Marco estaria surpreso, mas por causa do seu longo treinamento de autocontrole exterior, não estava. Era tão estranho ouvir histórias da sua terra natal faladas nessa rua sem saída num bairro pobre e justamente na hora que estava pensando sobre elas.

― O quê que você conhece sobre ele? ― Marco perguntou, e ao fazer essa pergunta viu os moleques se aproximando.

― Não muito. Só li algo sobre ele num jornal rasgado que achei na rua ― O Rato respondeu. ― O homem que estava escrevendo sobre ele falou que era somente parte de uma lenda e ria de pessoas que acreditam nesse príncipe. Também falou que estava na hora dele se revelar, se tinha qualquer intenção de fazer isso. Eu tenho inventado coisas sobre ele porque esses rapazes gostam de me ouvir. Mas são somente histórias.

― Nois gosta dele ― alguém gritou. ― Porque ele é um cara legal; ele… ele lutaria, ooohhh sim, se estivesse em Samávia agora.

Marco rapidamente se perguntou quanto deveria falar. Uma vez decidido, falou com todos.

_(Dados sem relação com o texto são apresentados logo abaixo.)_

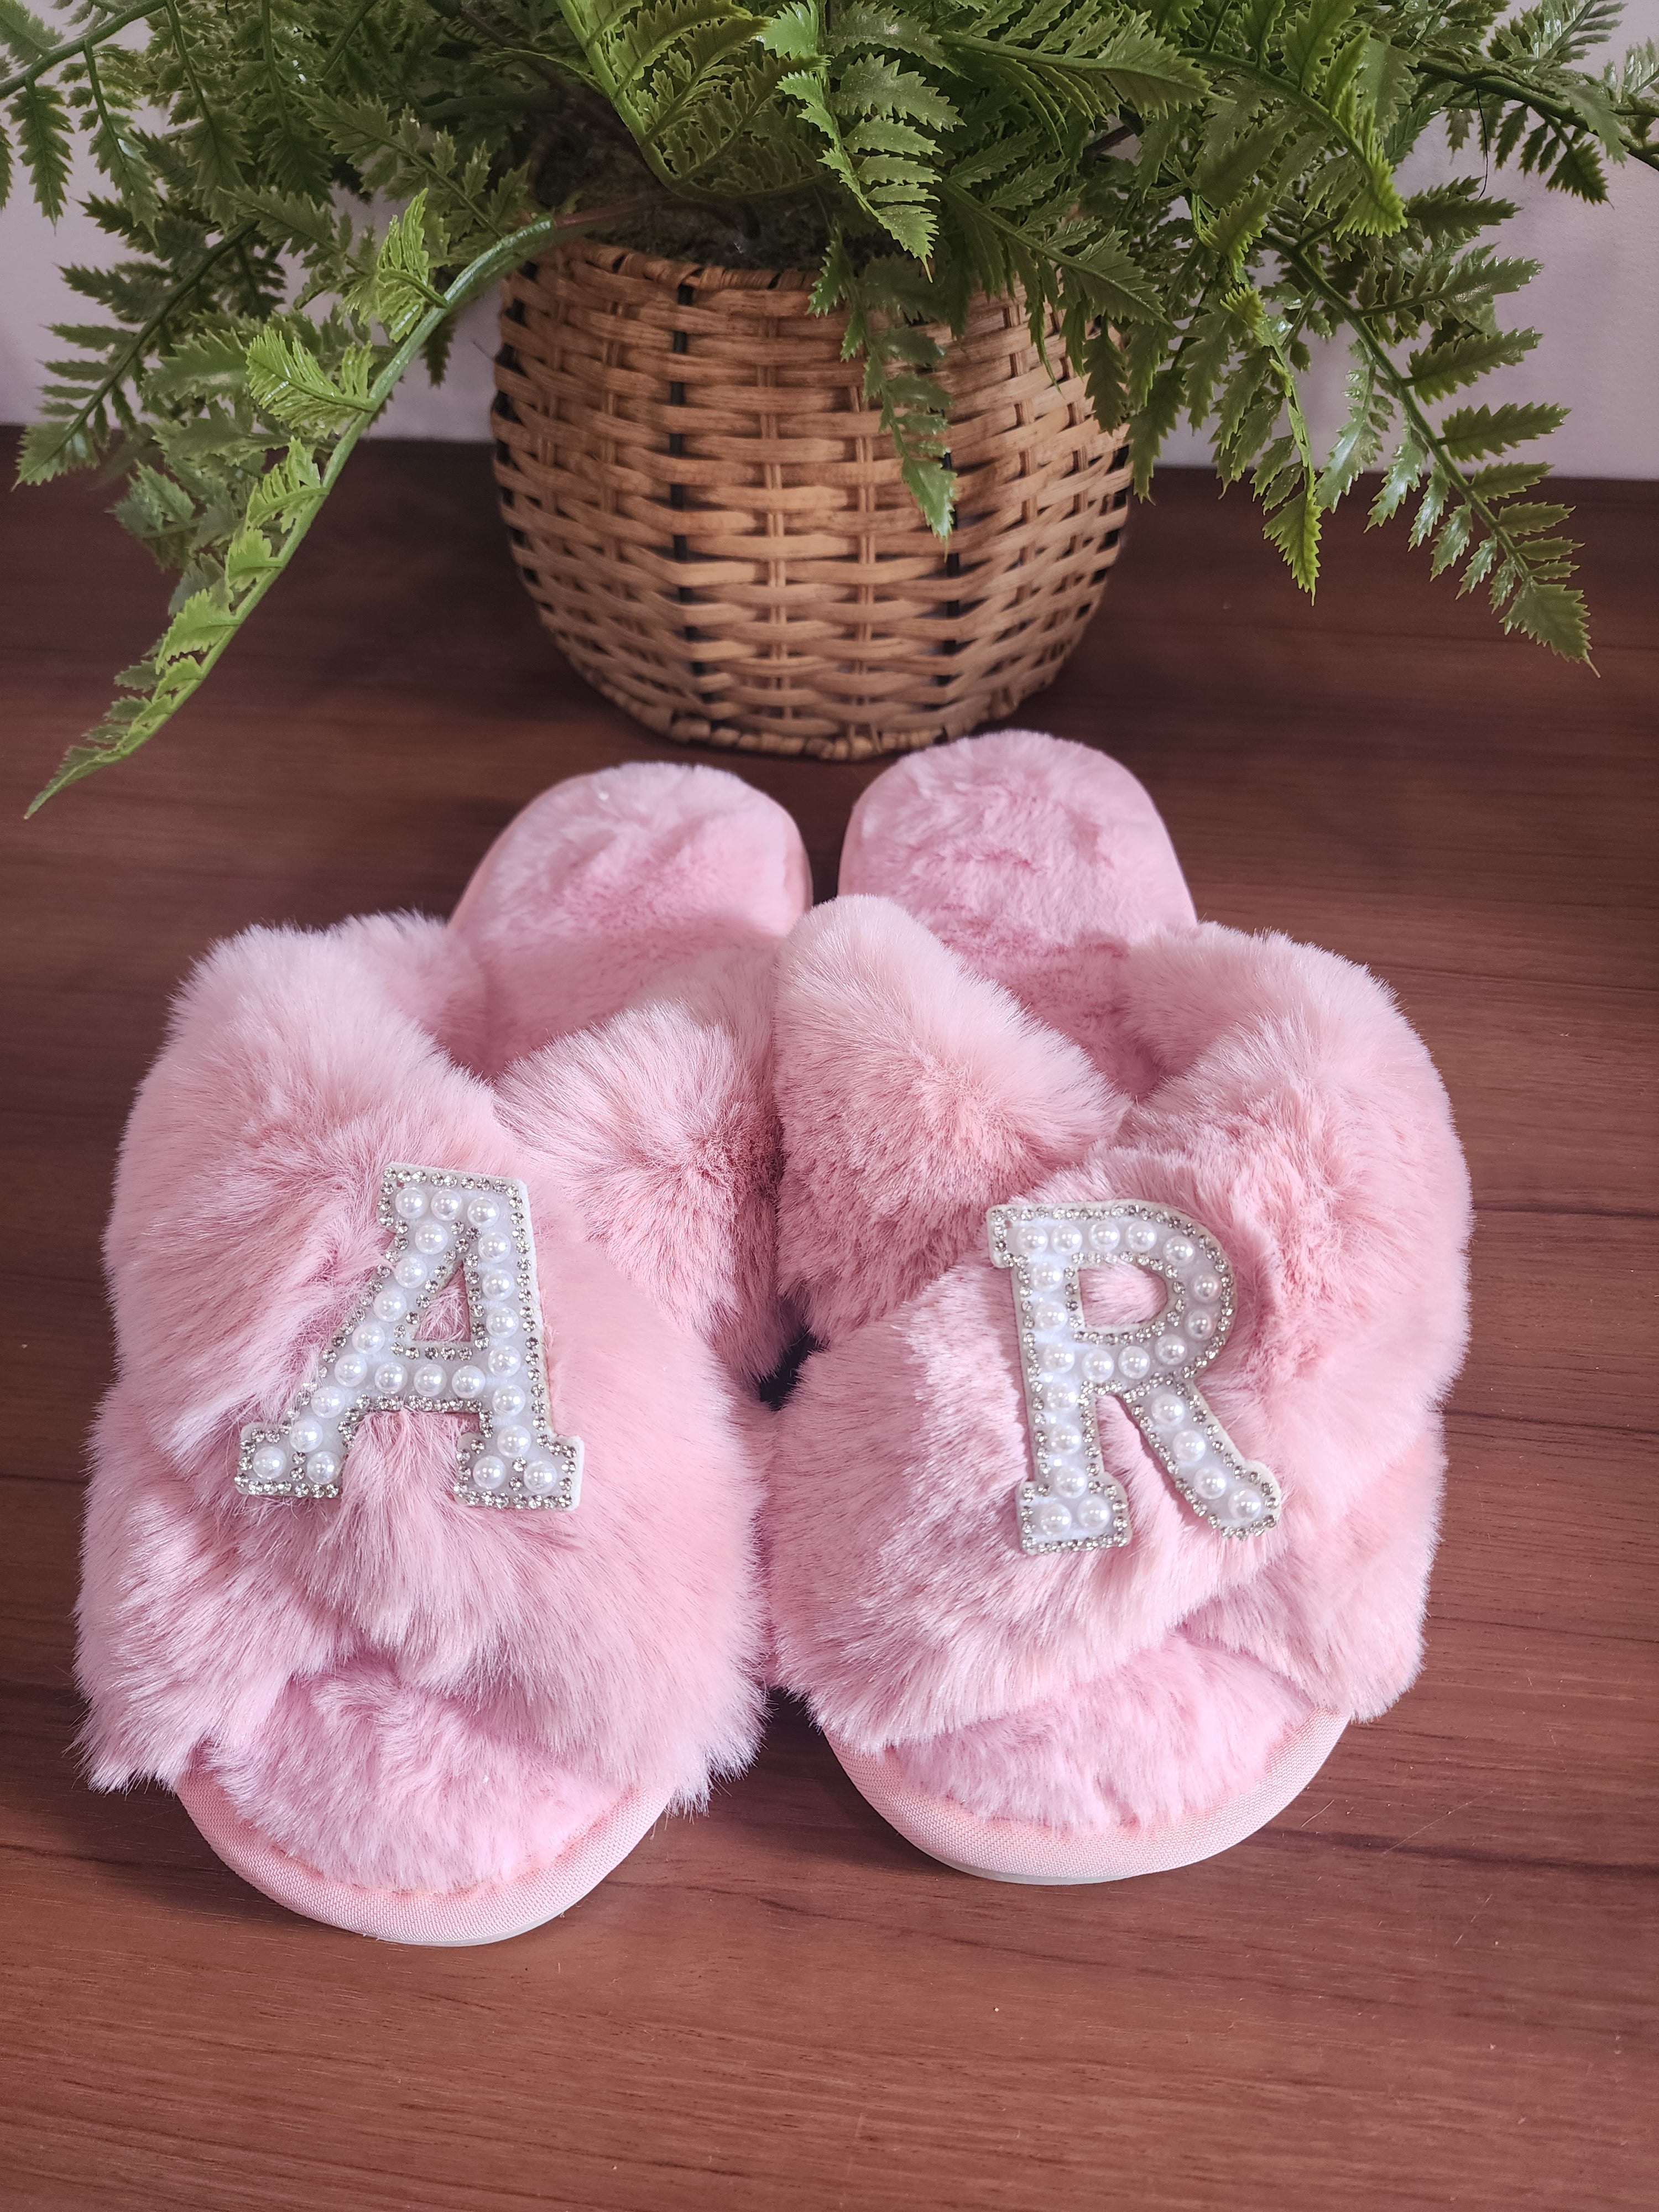 Women's Fuzzy Memory Foam Letter Patch Slippers: Personalized Women’s Slippers 5-6 / Gray / Rhinestone and Pearl

― Ele não é parte de uma lenda. Ele é parte da história de Samávia ― Marco disse. ― Eu sei alguma coisa sobre ele também.

― Como que você descobriu? ― O Rato perguntou.

― Porque meu pai é um escritor, ele precisa de livros e papéis e também sabe muita coisa. Eu gosto de ler então vou a bibliotecas públicas. Você sempre pode pegar livros e papéis lá. Daí pergunto coisas para meu pai. Todos os jornais estão cheios de coisas sobre Samávia hoje em dia. ― Marco sentiu que essa explicação não iria trair nada. Era verdade que ninguém podia abrir o jornal esses dias sem ver notícias e histórias sobre Samávia.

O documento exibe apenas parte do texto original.